The quarterly report can be found here and the most recent fact sheet here.


About Juno Investment Partners

Juno Investment Partners was established in 2007 as a fully independent fund manager and has an AIFM license (as referred to in Section 2:65 of the Wft), issued by the Dutch regulator AFM. Juno specializes in the selection of exceptional listed (family owned) companies in Europe. Companies that are able to achieve predictable and stable earnings growth year after year are considered for investment. The selection process focuses on the return on invested capital, a low debt ratio and free cash flows of a highly predictable nature. The analysts/portfolio managers compile a highly concentrated portfolio of approximately fifteen companies that they identify, analyze and visit regularly. Selected companies remain in the portfolio for a longer time period (usually more than five years). All analysts/portfolio managers have themselves invested in the Juno funds.

Juno offers three products: The Juno Selection Fund, which focuses on the selection of smaller and medium-sized listed companies, the Juno Continuation Fund for medium-sized companies and individual asset management using the same investment style, for larger clients through managed segregated accounts.

– The Juno Selection Fund was launched in 2008. This mutual fund invests in distinctive European small and medium-sized companies with an initial market capitalization of €250 million to €4 billion. In recent years, this investment style has resulted in above average investment returns for participants in the Juno Selection Fund. This fund has been hard closed for further (follow on) subscriptions since 2018.
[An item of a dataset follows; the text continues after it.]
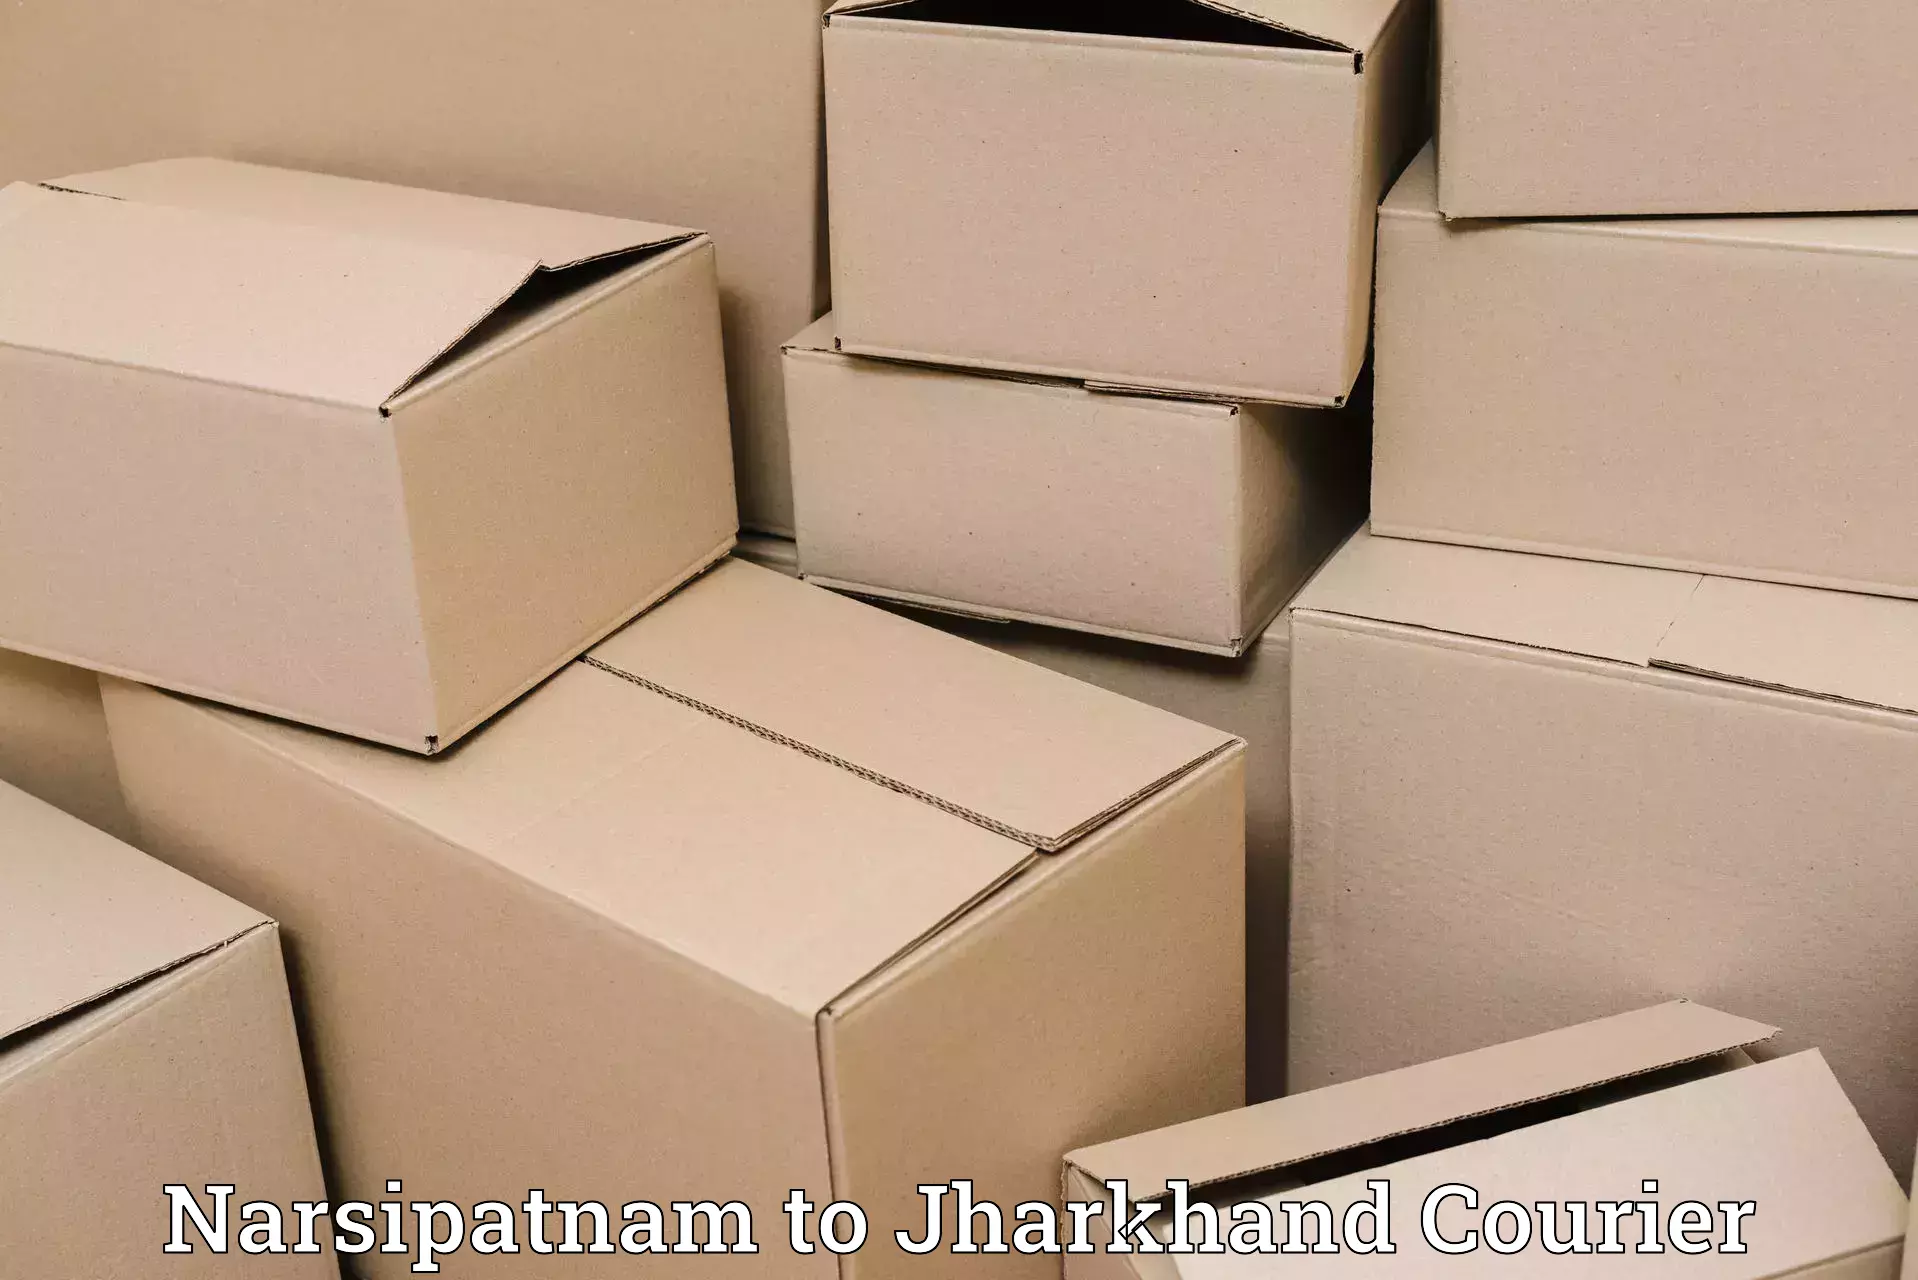 Overnight delivery services Narsipatnam to Tandwa

– The same investment strategy is applied in the Juno Continuation Fund, which was launched on February 1, 2020. This fund focuses on unique, medium-sized European companies with a market value between €4 billion and €20 billion at the time of initial purchase. As is the case with the Selection Fund, the Continuation Fund also has a strong preference for investments in businesses that are family owned, or companies in which a family or management itself is also a shareholder.